There have been some posts on both the Klunker and Grateful Dead bike. I have a boxed example of each and some memorabilia that I figured I would share onthe Forum.

I'm a collector of vintage Sting-Rays and a NOS in the box Sting-Ray is like finding the Holy Grail. Buying the Dead Bike and the Klunker was just something I did because they were somewhat limited and I did get them for a good price (probably the closest I'm coming to anything somewhat old & NOS in the box at this point in my life). Bottom line is I could always assemble and ride them, but I have enough in my stable to get a road or dirt fix.

Basically, I'm pretty passionate about bikes. :thumbsup:

P.S. - I do ride the Sting-Rays at times with my kids.


----------



## girlonbike (Apr 24, 2008)

Wow! All those are yours?!! More power to you!  That's great. I love it.


----------



## jeff (Jan 13, 2004)

Holy sh&t!!!!!!!!


----------



## truth-rider (Oct 18, 2009)

Yes, they are for the most part. A very few went to new owners via an outright sale or trade for another model Sting-Ray I wanted.

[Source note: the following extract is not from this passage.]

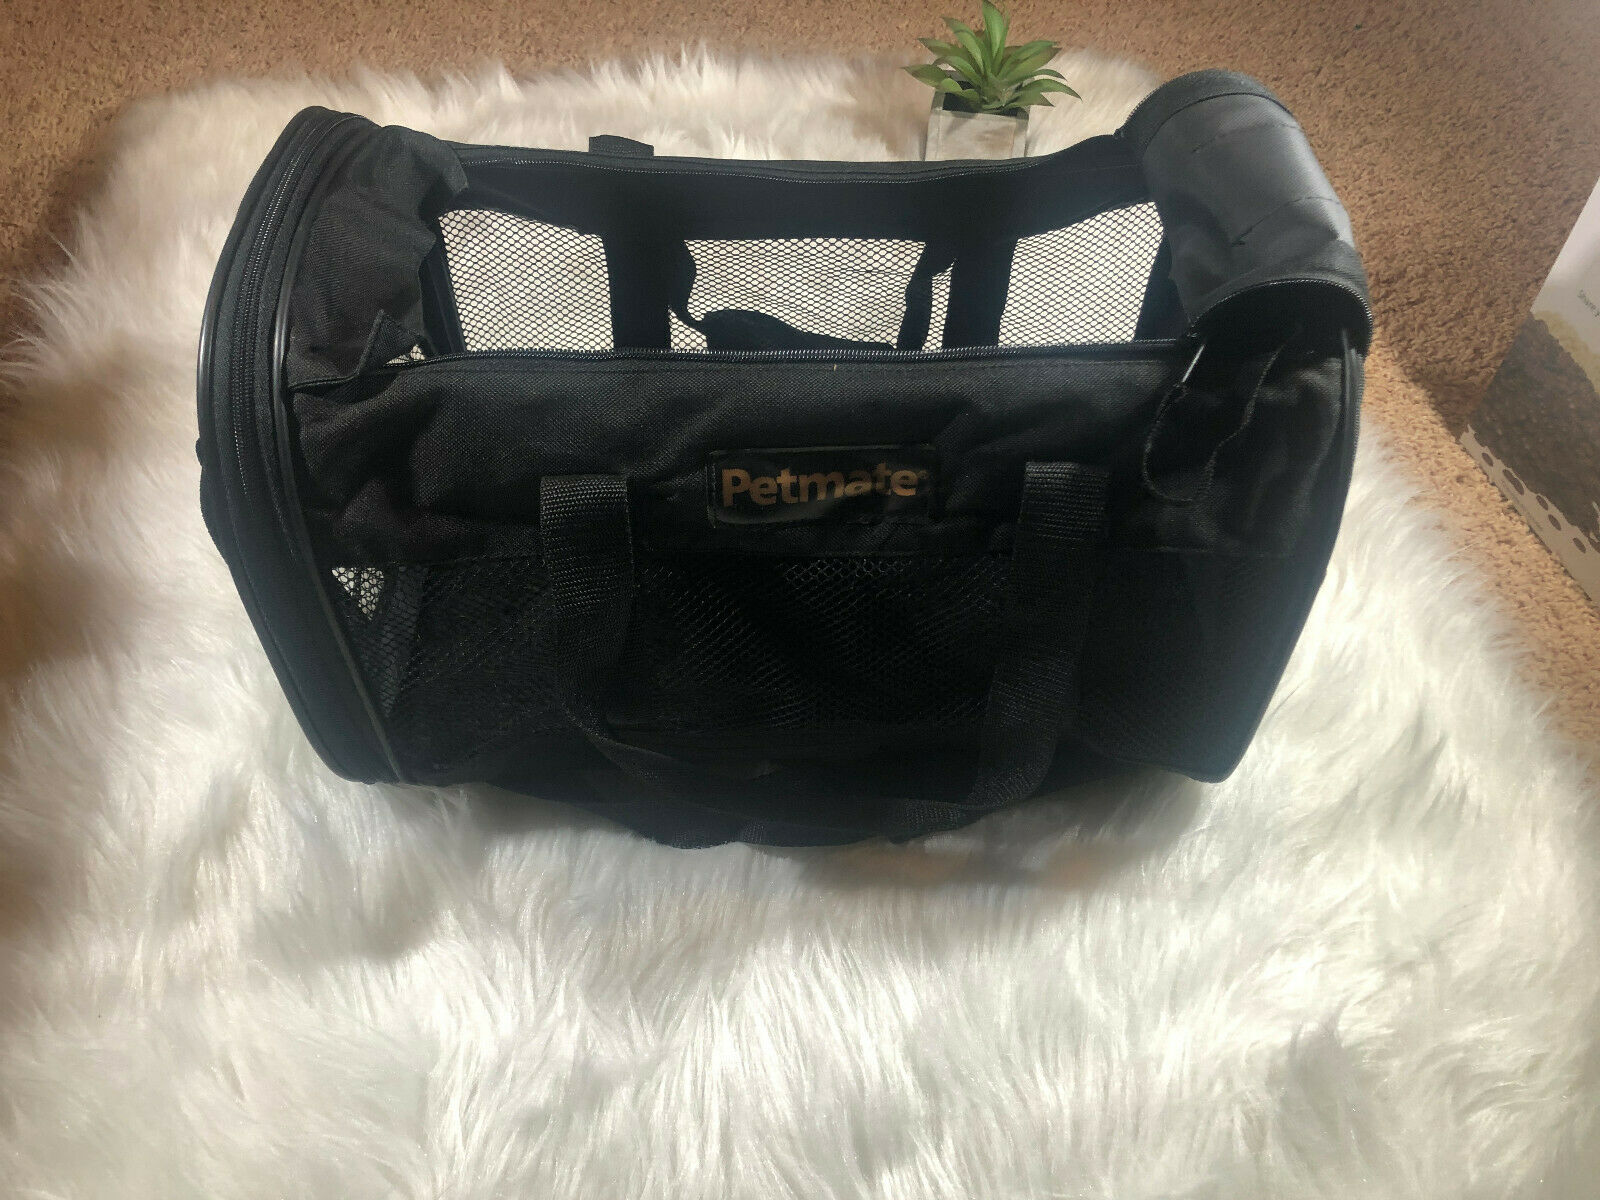 Petmate Soft-sided Kennel Cab Pet Carrier Black Up To 15lbs

Thank you for kind words!

Steve


----------



## girlonbike (Apr 24, 2008)

I learned to ride a bike on one of those. Awesome memories!


----------



## jeff (Jan 13, 2004)

And I shudder to think about all the ones we destroyed converting them to 70's BMXers.


----------



## truth-rider (Oct 18, 2009)

*memories!*

I had a Murray growing up and was jealous of my friend with a Sting-Ray (Grey Ghost - krate model). I'm trying to make up for it in my old age!


----------



## MendonCycleSmith (Feb 10, 2005)

I don't feel so bad for the 40 some odd disparate bikes I have laying about now 

Great collection for sure. What's the "most specialest" one in that pack?

I know some are super common, whereas others were super rare, but that's about it for my 'Ray knowledge....


----------



## truth-rider (Oct 18, 2009)

*Special Sting-Ray*

All my Sting-Rays have neat story behind how I acquired them. There is one in my opinion that would be most special is a 1964 Sting-Ray that came in a color that was discontinued after six months on this Schwinn model. The color is Terra Cotta and it looks like metallic Campbells Tomato Soup.

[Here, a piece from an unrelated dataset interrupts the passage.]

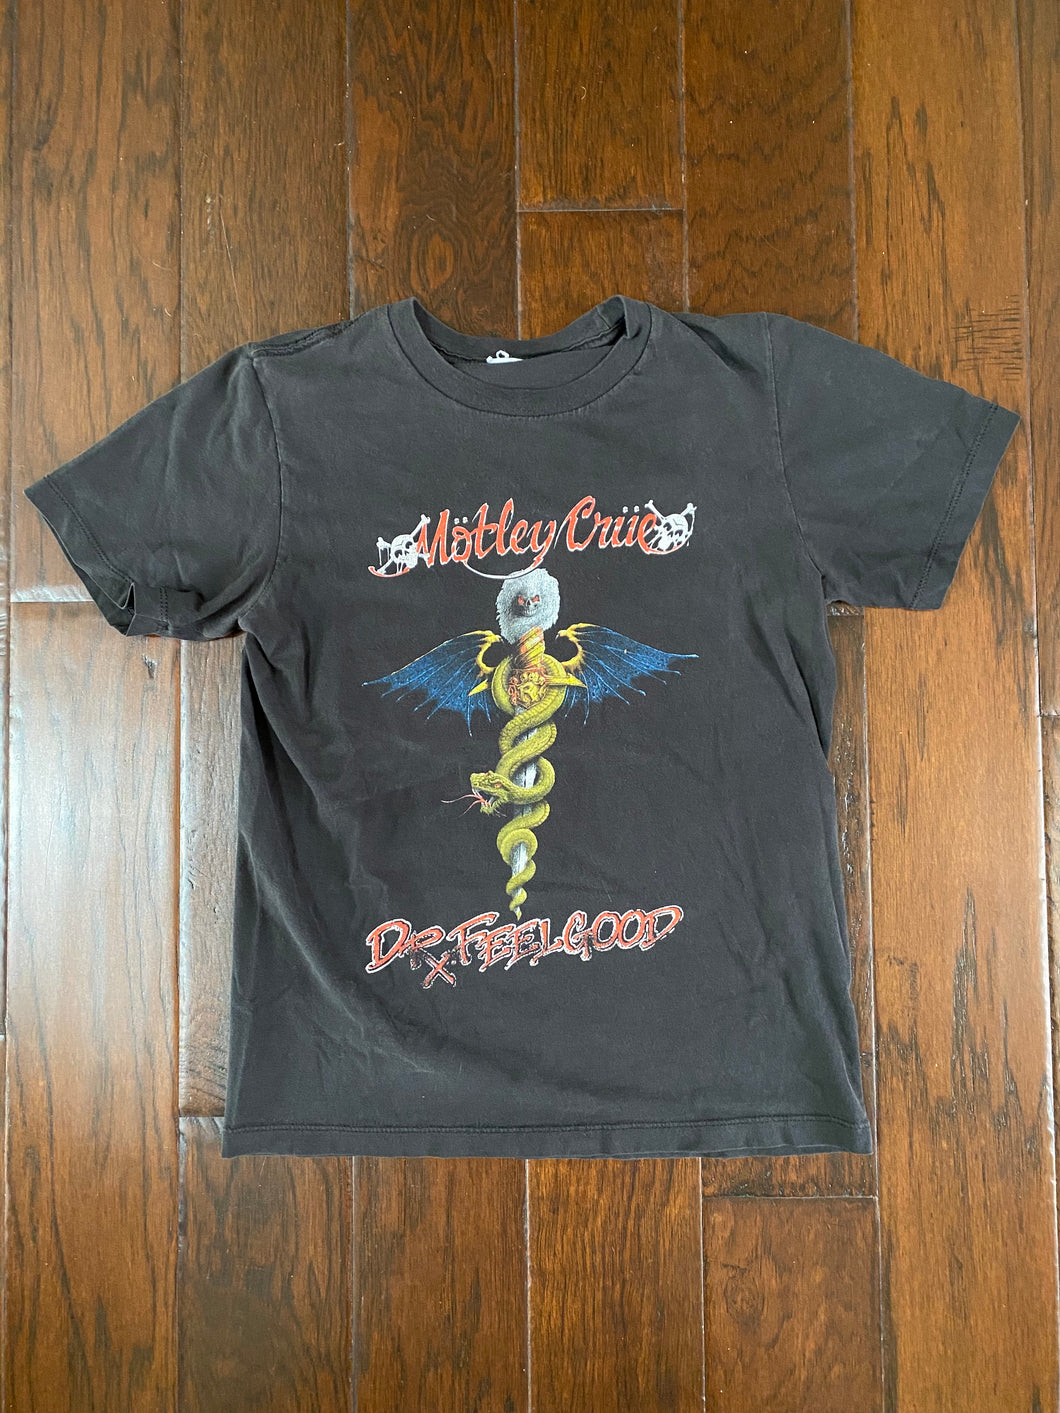 Motley Crue 2000’s “Dr. Feelgood” Vintage Distressed T-shirt

To go back on GirlOnBike's comment about my boxes in the bike, what my Sting-Rays have over the Fisher bikes is "history." Kids enjoyed these bikes. They were ridden to the park, ridden with friends and family, ridden past the girl's or boy's house they had a crush on... may have been a gift from family member or earned via a paper route or other job... real history behind the miles.

I'm more attached to the Sting-Rays just because of this reason. My still in the box Fishers don't have that history behind them of being pedaled. I saw some posts on a Klunker and was very surprised to see that someone was selling a barely ridden one for $5000. I'd take that in a hearbeat, do some backflips and go buy a few more Sting-Rays and something real nice for my wife.

I shared pictures of both the Klunker and Grateful Dead bike just because some might have interest in them for informational purposes. I always like when I see something new or unique about bikes.


----------



## scooterendo (Jan 30, 2004)

Sweet. I've got both the Dead (for my wife) and the Klunker bikes. The Klunker bike was the ride that inspired me to make the movie. It's got a lot of different parts on it, Suntour thumbies and levers, newer Brooks, different bars, etc. It's pretty TRASHED now. It's been down Repack a bunch. It was on the back of my truck when I got rear-ended on way back from Marin after the first shooting week. The lower top tube is bent, but it still rides fine... but you really have to lean to the right when you do wheelies.


----------



## jbsteven (Aug 12, 2009)

obsess much?


----------